Groupon Inc former CEO was fired on 1 March 2013 and he said, “After four and a half intense and wonderful years as CEO of Groupon, I’ve decided that I’d like to spend more time with my family. Just kidding – I was fired today. If you’re wondering why… you haven’t been paying attention, from controversial metrics in our S1 to our material weakness to two quarters of missing our own expectations and a stock price that’s hovering around one quarter of our listing price, the events of the last year and a half speak for themselves. As CEO, I am accountable.” This is what he wrote in a memo to the people of Groupon. What attracted me here is that he wrote in the most candid way that most of us struggle to do.

On 11 October 2010 Newsday published a story entitled ‘perpetrators apologise for political violence. In Matebeleland South, Zanu Pf member Makheyi Ncube lifted up his hands in front of the whole community and confessed his involvement in the 2008 election violence and the people were appeased by the humility he showed. Here is a man who did not choose the finger pointing solution but rather went head on with the problem in question. 2008 stands out as a very bad year in the history of Zimbabwe and I am surprised that there is no political party which has stood up to accept not even a single wrong.

Zimbabwe lost more than 300 hundred lives to political violence. Sometimes I get so angry to the extent that I feel that I have to be alone at a secluded place because some of the stories we had prior to the June 27 elections were so painful. Zimbabwean politics has in the past three decades lacked men of valour who not only think of today but uphold a quality of forecast and goal. If an honourable man apologises, he will only look stupid today but he knows the value of time and process of healing. In five years time when he starts preaching peace and campaigning again for re-election, it is easy for the people to see the sincerity in his talk because he is a man who sets a precedent of standing for the truth rather than justifying evil behaviour.

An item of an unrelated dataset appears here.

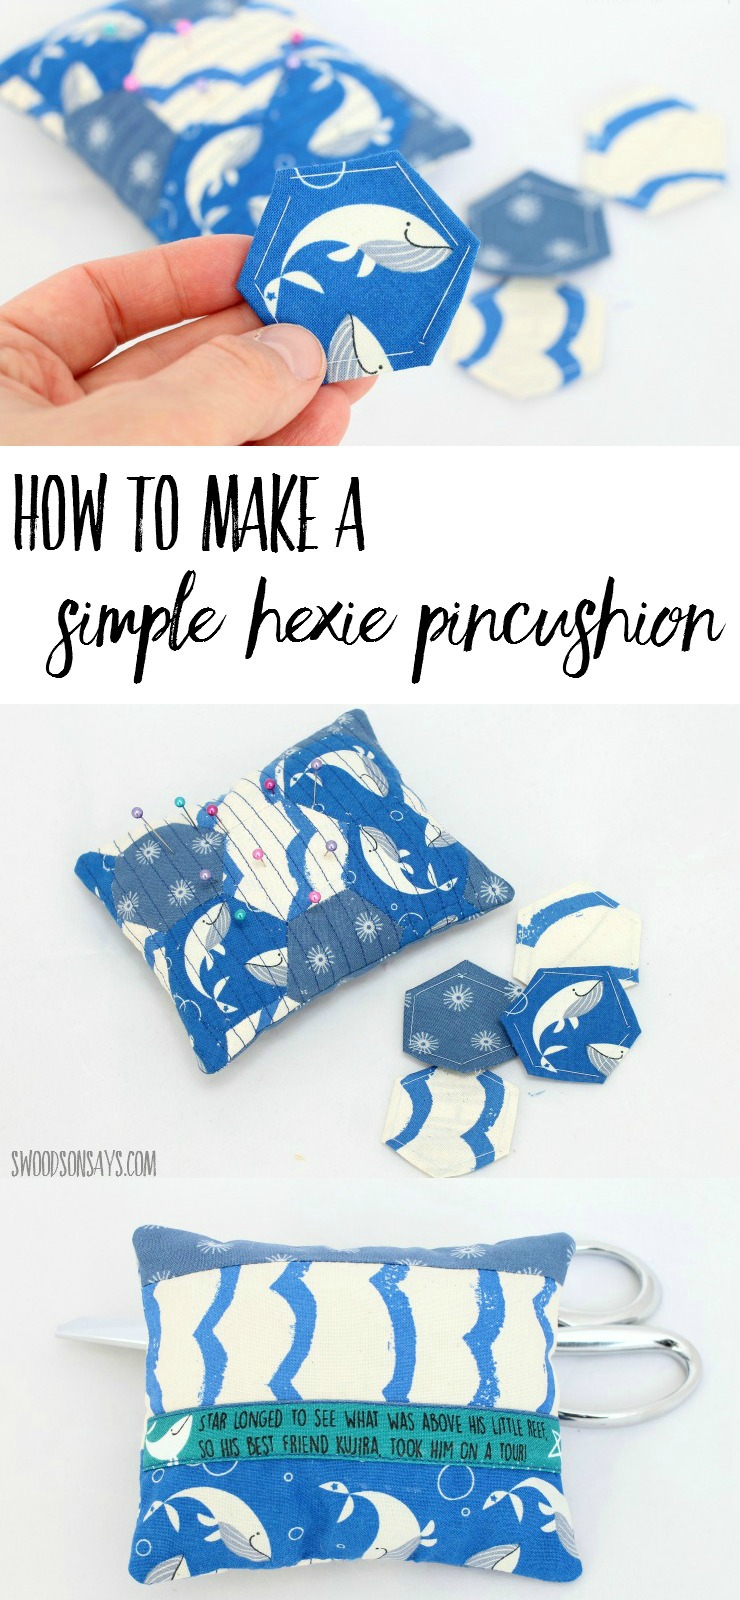 Interested in EPP (english paper piecing) but intimidated by making a whole quilt? With only 17 hexies, make a simple pincushion with this easy pincushion tutorial! This is a great first quilting project and scrap buster tutorial. The post was sponsored by Maker Mountain Fabrics, where you can find this adorable Cotton + Steel Kujira fabric!

I am not a politician by profession myself but the bible that I read in John 8 vs 32 says to both me and the politicians that, ‘And you shall know the truth and the truth shall set you free’. If a politician knows the overwhelming evidence that his supporter killed someone (truth), what more soothing (free) would he need in his campaign camp than this?

I think a man who does not accept his own failures is just but an ignorant liar and should never be taken seriously because if he falters, the next thing is that he wants to craft a patch to make it an excuse to cover his own junk. Only noble and patient men do the honourable thing to accept their flaws. In Shona people say, ‘munhu anomira patsvina dzake’ (a man stands with his own dirt). The moment you try to justify your wrong doings, you will force other innocent people to step in and deal with your dirt.